Sunday, June 17, 2007

Tutoring, Mentoring in Media

I'm not sure what has caused this, but the SunTimes and Tribune have been writing stories about tutor/mentor programs recently. I listed a few of these in a discussion I started in the T/MC forum.

While these stories focus on single programs, I feel that Chicago and other cities need to talk about how to make programs like these available in more of the neighborhoods where they are needed, based on high poverty, poorly performing schools, or incidents of youth-on-youth violence.

I think that there's another conversation that these stories can stimulate, which is a comparison of No Child Left Behind Supplemental Tutoring, and long-term tutoring/mentoring offered by programs such as those which have been featured in the media. If you view the links in the Chicago Programs Links section of the T/MC web site, you'll see additonal programs that offer comprehensive, mentor-rich services.

You'll also see that there are very few of these comprehensive programs in the South part of Chicago, and in the South and West and North Suburbs. In reality, there are too few comprehensive, long-term programs in most high poverty areas of Chicago, and probably any other major city.
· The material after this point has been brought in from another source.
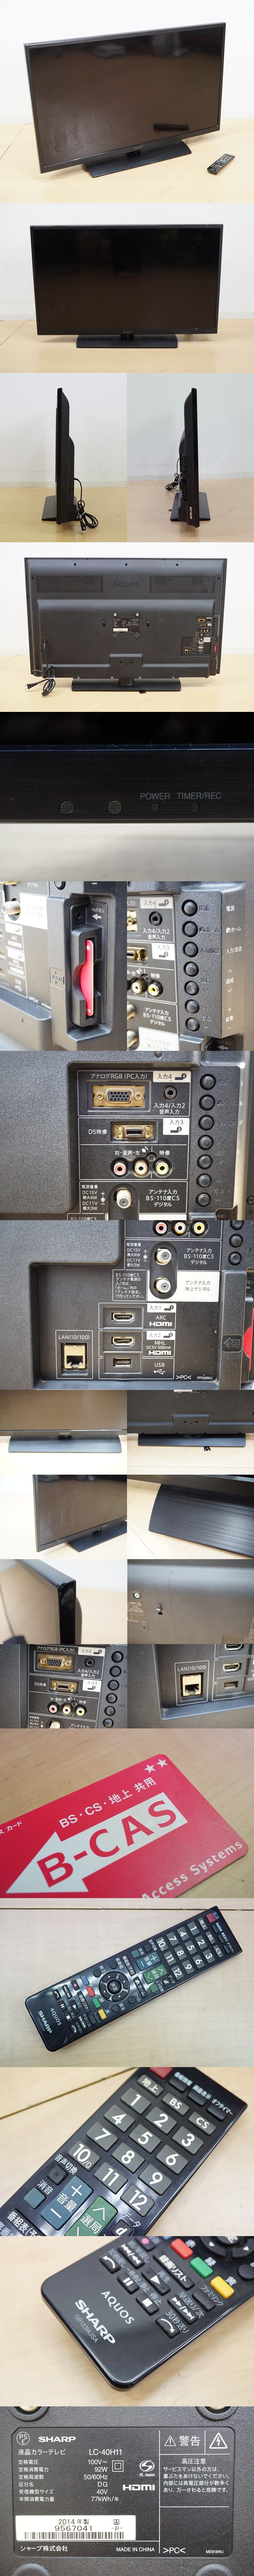 日本製得価 ヤフオク! 液晶テレビ 40V型 LC-40H11 4... - AQUOS 超特価

That's why we need to stimulate a discussion in which teams of leaders from business, colleges, hospitals, churches, and civic and social organizations, are looking at the same information we're looking at, and doing the same type of brainstorming and innovation, with the same goal of making more and better tutor/mentor programs available to more kids who need this help.

If you are part of such a team, I encourage you to use the resources at for your deliberations and invite leaders of tutor/mentor programs to be part of your team.

The work we do in June and July can lead to more and better tutor/mentor programs reaching kids as school starts in September.